I like to relate, I like to relate this subject to – and Casey, you’ve heard this before – I like to relate this, the idea of diversifying, to the gold rush, right, like the classic American gold rush where once people heard that there was a ton of gold in one place they all rushed to it, right?  I feel like Amazon is that source of gold right now. More and more people are starting to hear about it, and not that – I mean there was a limited amount of gold, right, and not that Amazon is going to run out or go out of business or anything, but the game is changing as time goes on.

 

Casey Gauss:                      

And it’s getting more difficult.

 

Cameron Yoder:              

And it is getting – it is.  It is.  The gold has not run out yet at all.  If you see this huge mine of gold that you know is there, it’s Amazon, then why would you go to another gold mine, like Walmart or Etsy, that you can’t see the gold?  Like sure there’s some benefit there, and there will be benefit in the future. I think, just in terms of taking advantage of the moment, that’s the best thing.

 

Casey Gauss:                      

Yeah, you know, I think maybe if you have that 1 to $5 million brand and you have a team, then maybe you can hire somebody that’s great at customer acquisition or digital advertising or whatever.  And they can try to build those sales, and you know, they can be compensated accordingly.  And you can have them focus on that, but what you need to be focused on is on what you know how to do really well, and that is selling on Amazon.

 

Cameron Yoder:              

Right, right.  And opportunity cost, right?

 

Casey Gauss:                      

Yes.

 

Cameron Yoder:              

Like it’s going to cost something.  If you choose to focus on another platform, it’s going to cost time

 

Casey Gauss:                      

Yeah, and again, every minute that you’re spent focused outside of Amazon, a competitor is focused on Amazon, and they’re just going to steal that opportunity or that potential from you down the road.  But I think that people are really underestimating the value of the Amazon business right now.

 

Cameron Yoder:              

Yeah, I agree.

 

Casey Gauss:                      

I think that time will show us that your brand is actually more valuable than you think.  And again, going back to Cam’s comment of reviews being the currency, like this is the way to go.  Yeah.

 

Cameron Yoder:              

It is.

 

Casey Gauss:                      

So basically to sum everything up, Amazon is huge right now.  It’s still growing.  It’s supposed to be growing an insane amount.

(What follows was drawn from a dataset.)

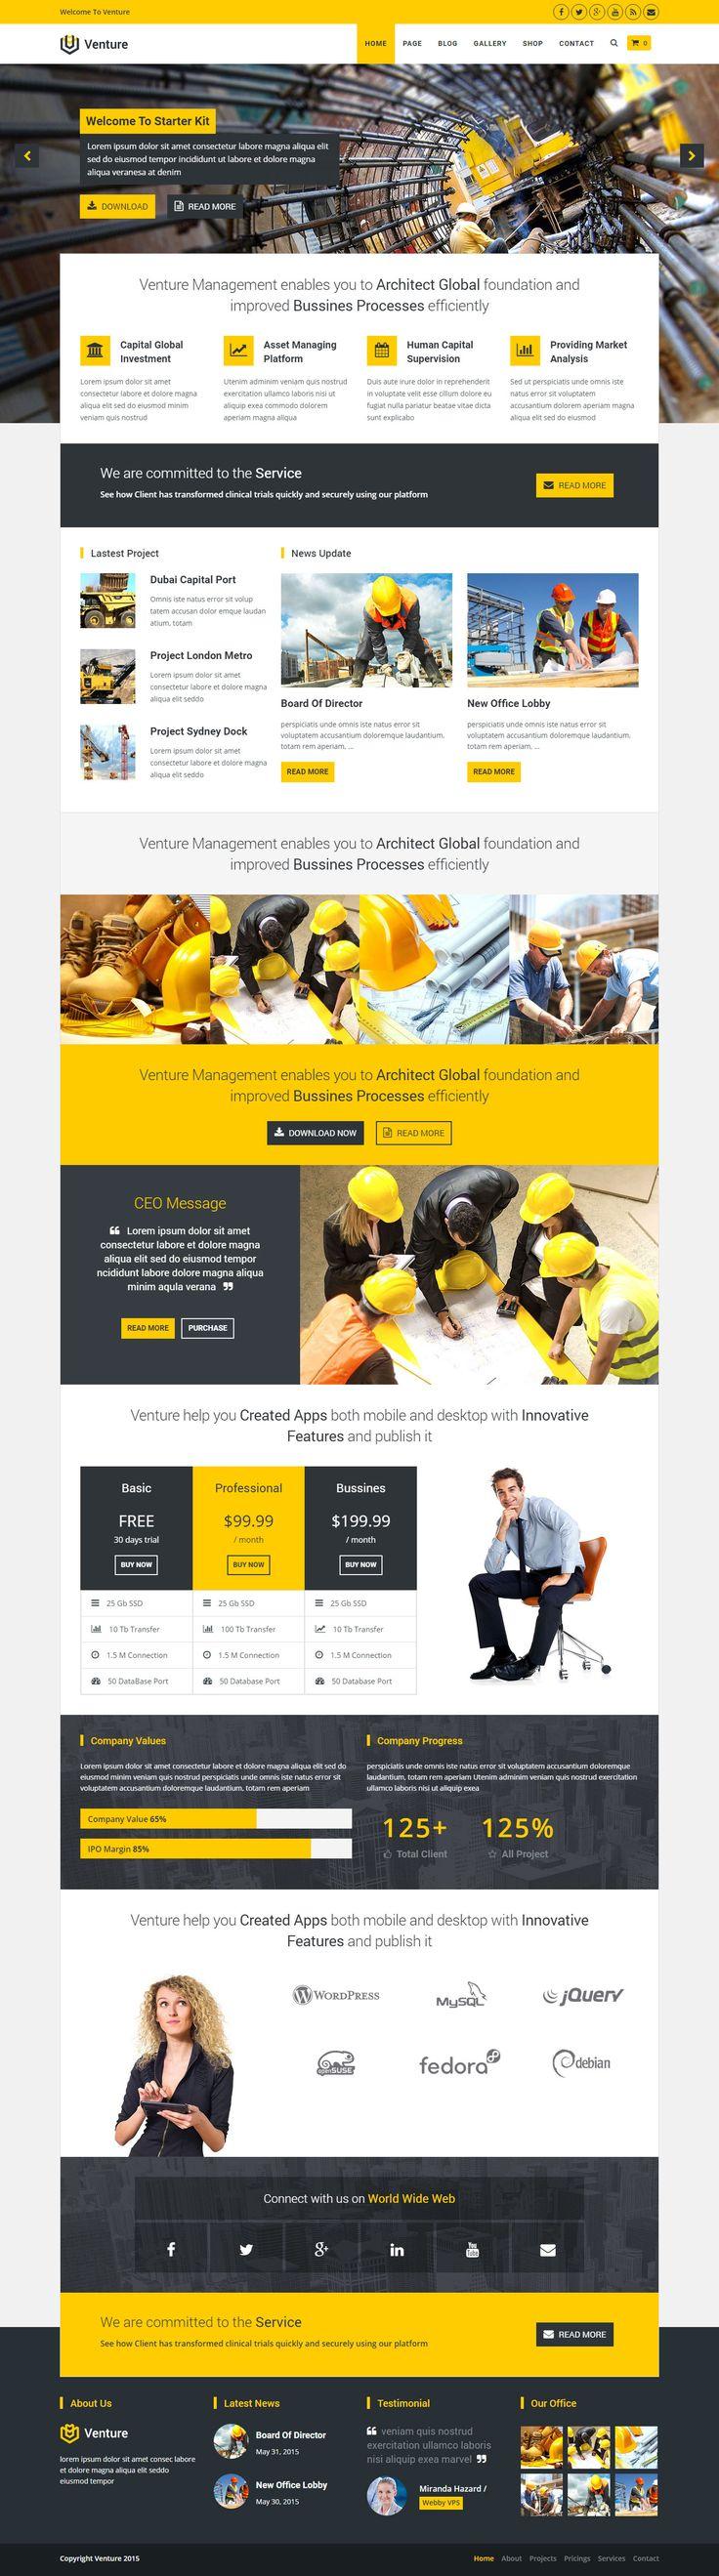 Ventureis fit for corporate, business, marketing, finance, law, construction, government, education, non profit and enterprise, bank, institution

They’re just snagging such a big portion of the e-commerce sales.

 

Cameron Yoder:              

Remember.  Remember what got you here, right?

 

Casey Gauss:                      

Yeah.

 

Cameron Yoder:              

Remember what got you here and triple down on it.

 

Casey Gauss:                      

Right.  Yeah.  So yeah, basically at the end of the day we don’t know anybody—doesn’t matter if they’re doing 100 million a year, 50 million a year—it doesn’t matter. We don’t know anybody that has successfully gone and diversified.  Does it mean it’s not possible?  No, it’s definitely possible.  But that’s not what’s happening.  That’s not where you should be focusing.  You need to be focusing on building your Amazon business.  Are we biased in saying that?  Yes.  Is it the truth?  Is that what the data is saying? Yes.

 

Cameron Yoder:              

Yes.

 

Casey Gauss:                      

Does it make logical sense?  No, not really, but it’s the truth.

 

Cameron Yoder:              

Well hey, that is all for this week.  Thank you so much for joining us on Follow the Data.  For more reliable information about what’s really happening on Amazon subscribe to the podcast and check out the Viral Launch blog at Viral-Launch.com

 

Casey Gauss:                      

And don’t forget to leave a review on iTunes if you like the podcast.  We really appreciate your feedback.  We love, love honest feedback.  We love to hear what your thoughts are.  And if you enjoyed the podcast and want other people to hear it, please share.  Reviews also help other people to understand how good or terrible of a job we’re doing.

 

Cameron Yoder:              

We’ll link to all of the information and sources that we referenced in this episode in today’s blog post.  Check out the blog and subscribe to our email list to stay up-to-date on all the latest Amazon updates and best practices.

 

Casey Gauss:                      

Want to be featured on the show?  Leave us a voicemail and tell us your thoughts on today’s episode, or ask us any of your Amazon questions.  Our number is 317-721-6590.  Join us next week when we dispel the myth of suspension.  Until then, remember, the data is out there.

Cameron Yoder:

Hey! I wanted to let you know about a webinar that Casey and I hosted last night where we made an exciting announcement. We’ve updated our product research tool, Market Intelligence, with a brand new look, easier navigation, and a built-in FBA calculator. If you missed us last night, you can find our announcement and our walkthrough of the tool on our YouTube channel. The calculator feature is super slick, essentially calculating how much it costs to break into a market showing you upfront costs, month expenses, monthly profit, and total profitability.

 

Market Intelligence offers sellers the most accurate sales estimates in the galaxy and up to 2 years of historic sales data so you can see big market trends like price and overall sales. With the newly integrated FBA calculator, this latest version of Market Intelligence really does have everything that you need to research your next product. Visiti viral-launch.com/newMI to check it out and to start your free trial.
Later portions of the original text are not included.